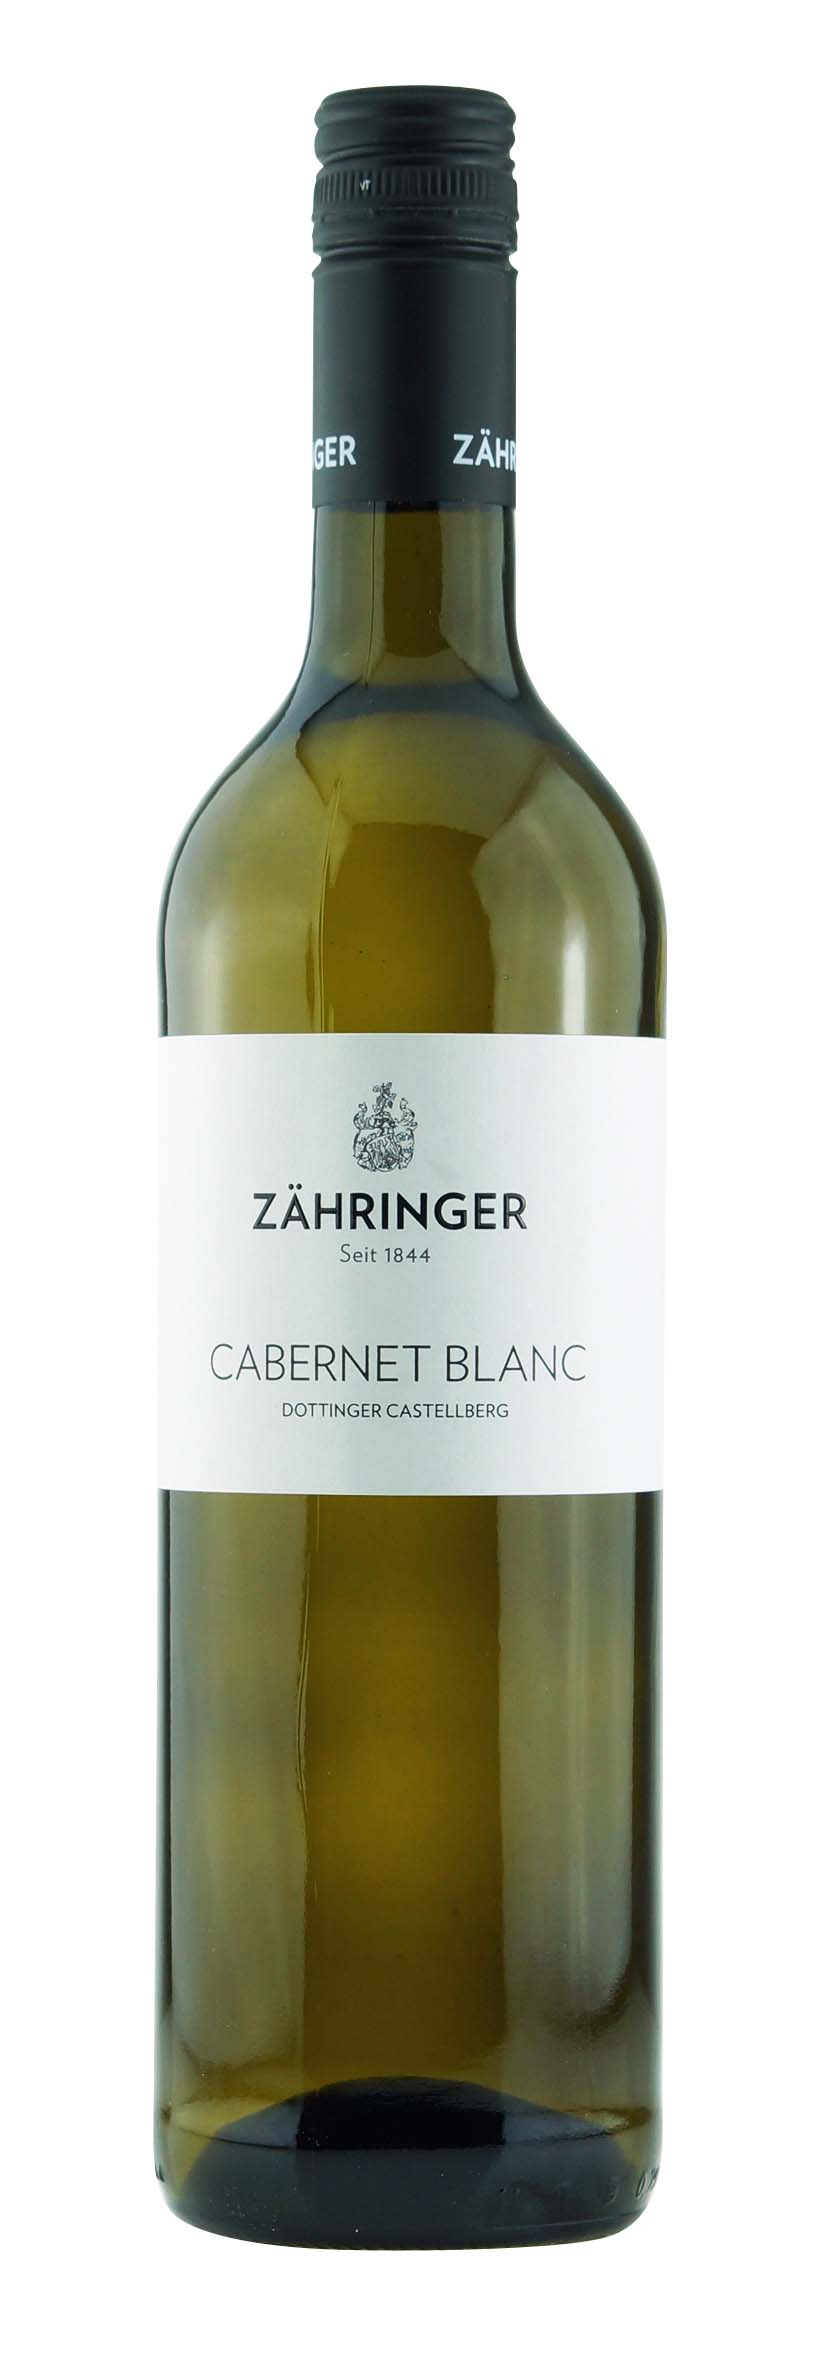 Dottinger Castellberg Cabernet Blanc 2015
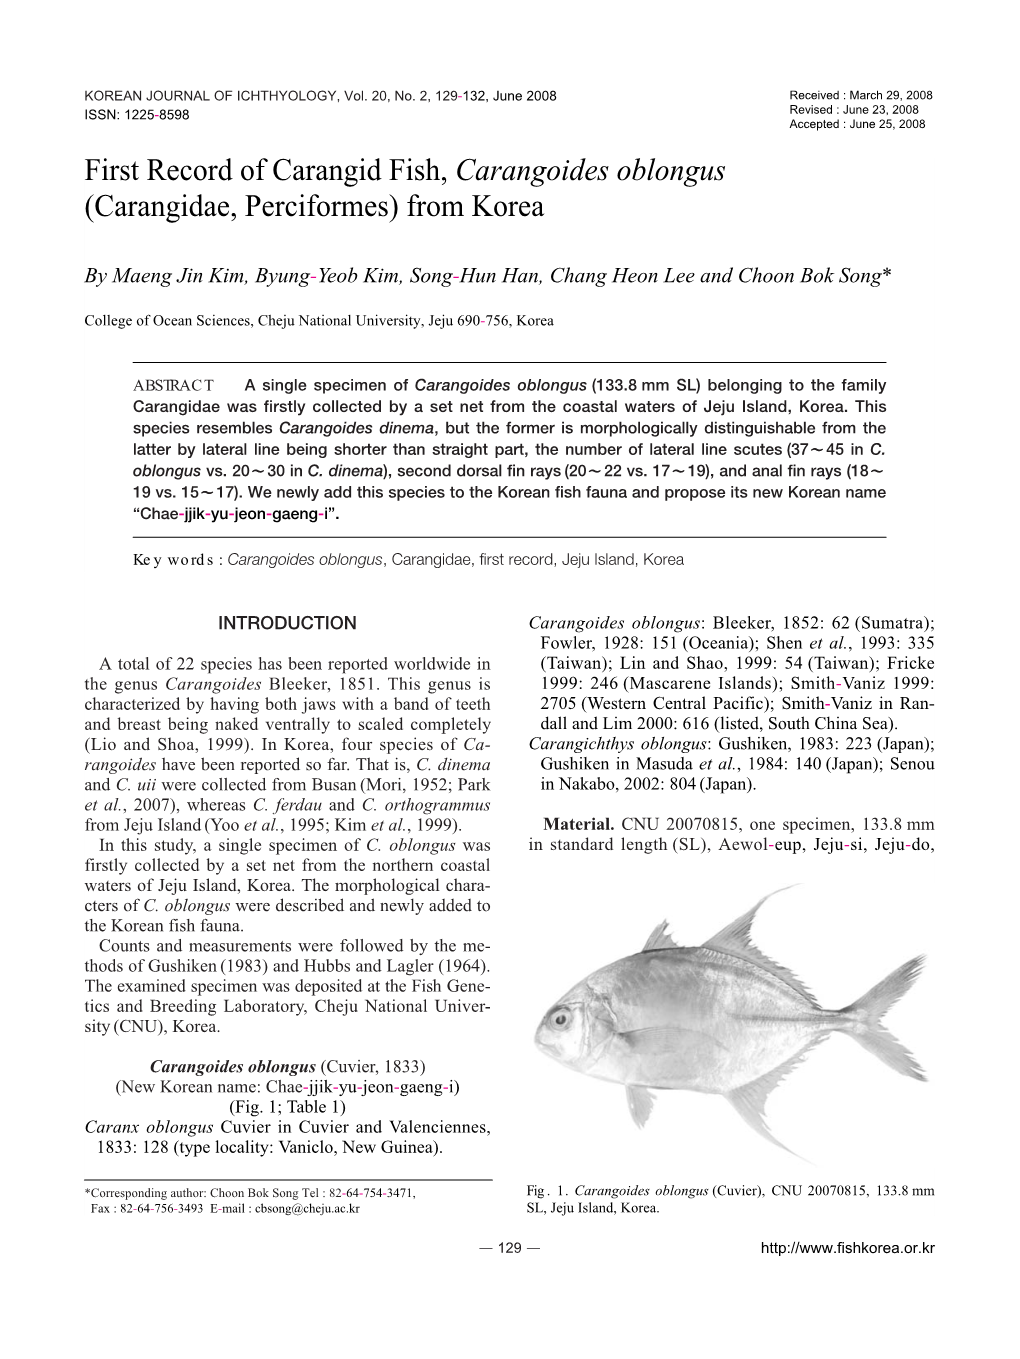 First Record of Carangid Fish, Carangoides Oblongus (Carangidae, Perciformes) from Korea
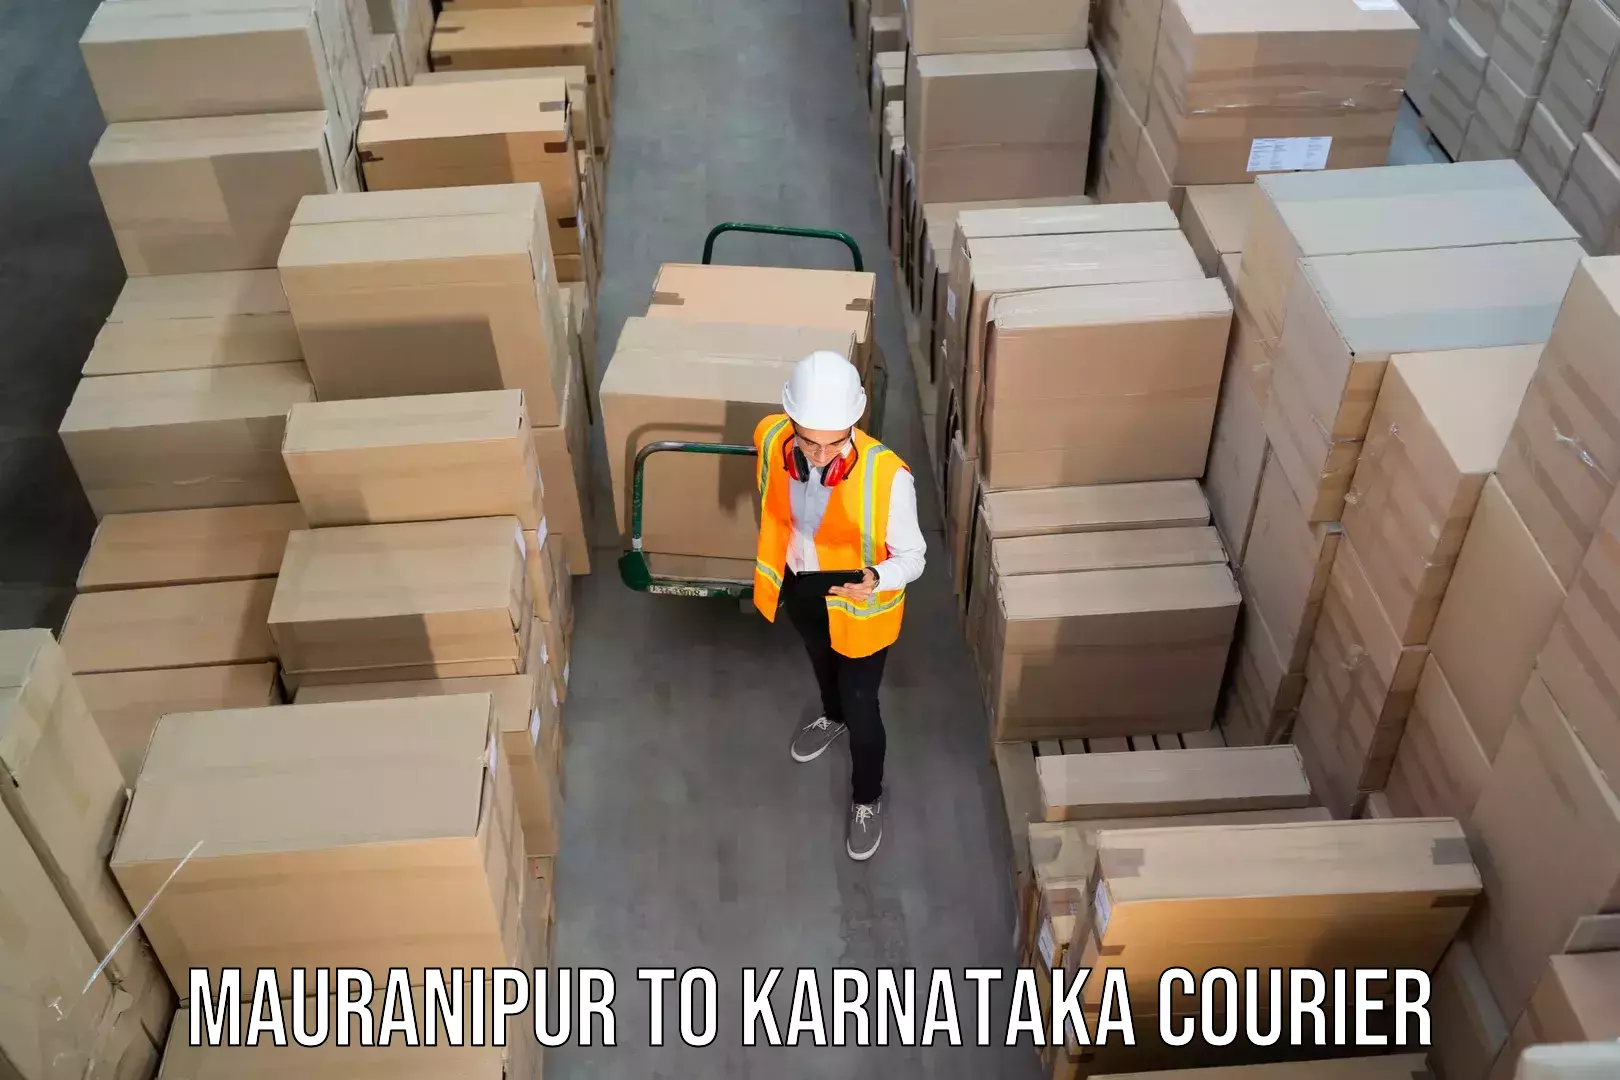 Advanced shipping network Mauranipur to Karnataka
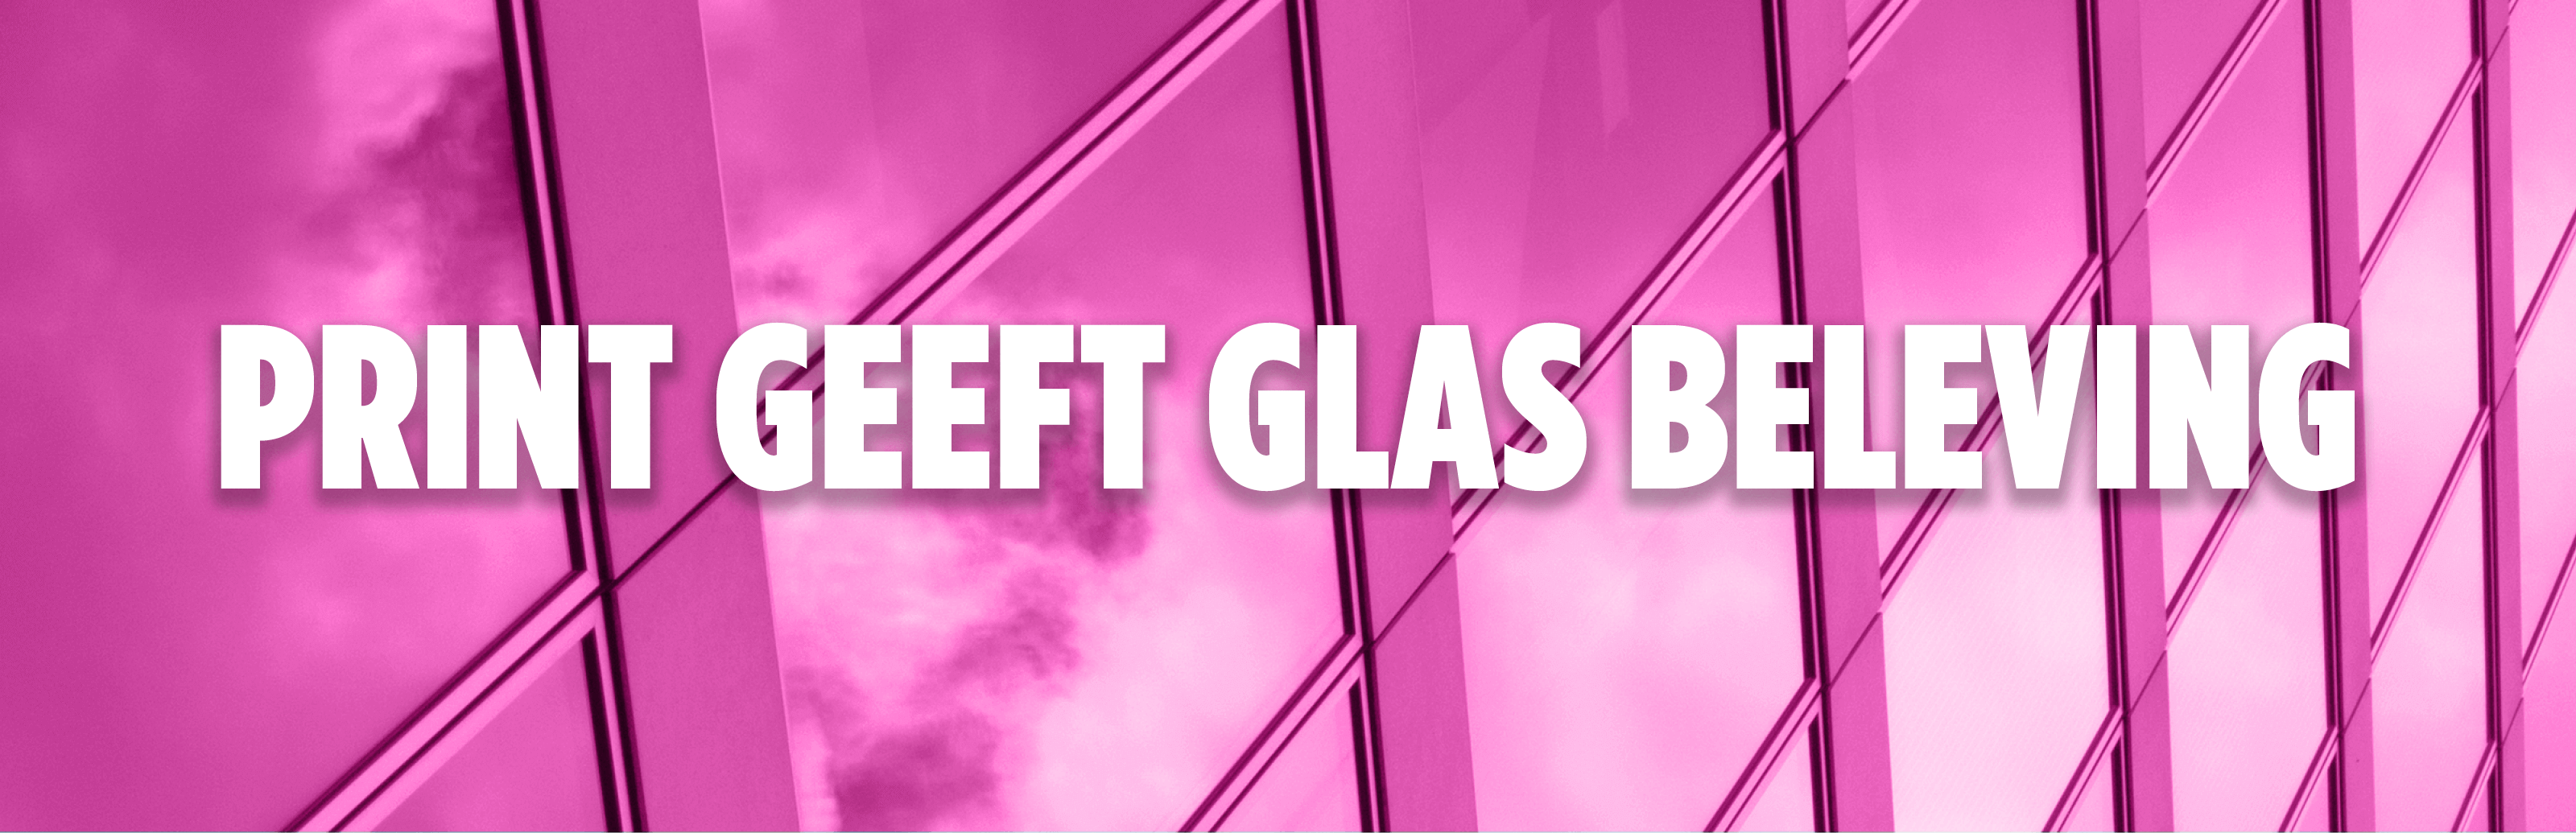 Print Geeft Glas Beleving
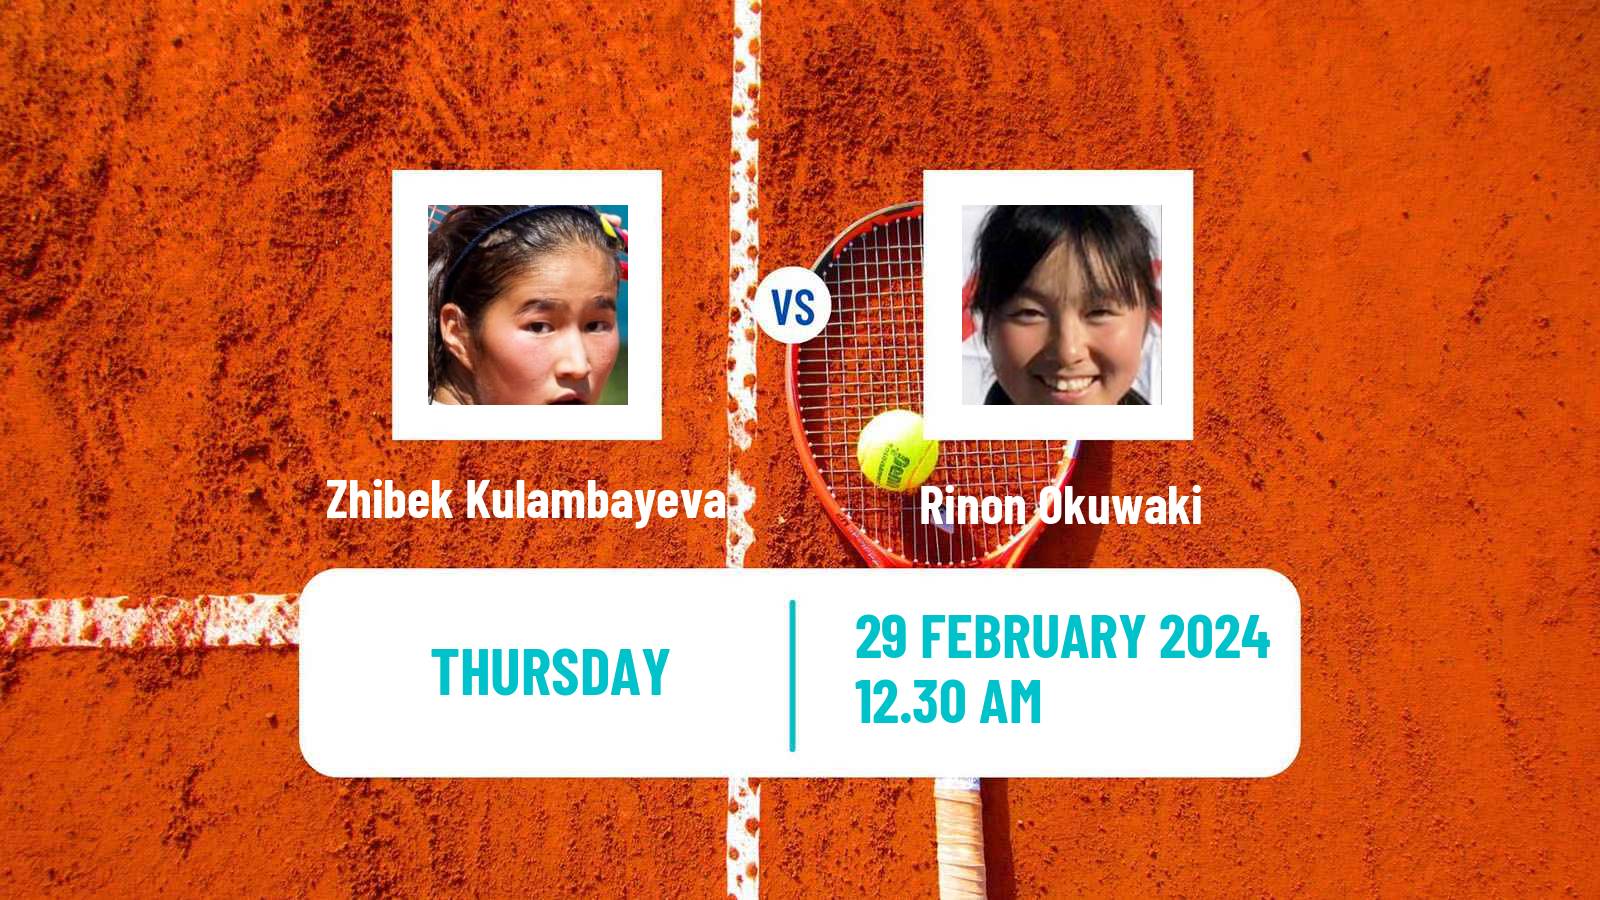 Tennis ITF W35 Gurugram Women Zhibek Kulambayeva - Rinon Okuwaki

--- --- ---

## Task requirements:
Retype the data above as given, letting no picture into the copy.

## Finished task:
 Dottinger Castellberg Cabernet Blanc 2015
 First Record of Carangid Fish, Carangoides Oblongus (Carangidae, Perciformes) from Korea
 Advanced shipping network Mauranipur to Karnataka
 Print Geeft Glas Beleving
 Tennis ITF W35 Gurugram Women Zhibek Kulambayeva - Rinon Okuwaki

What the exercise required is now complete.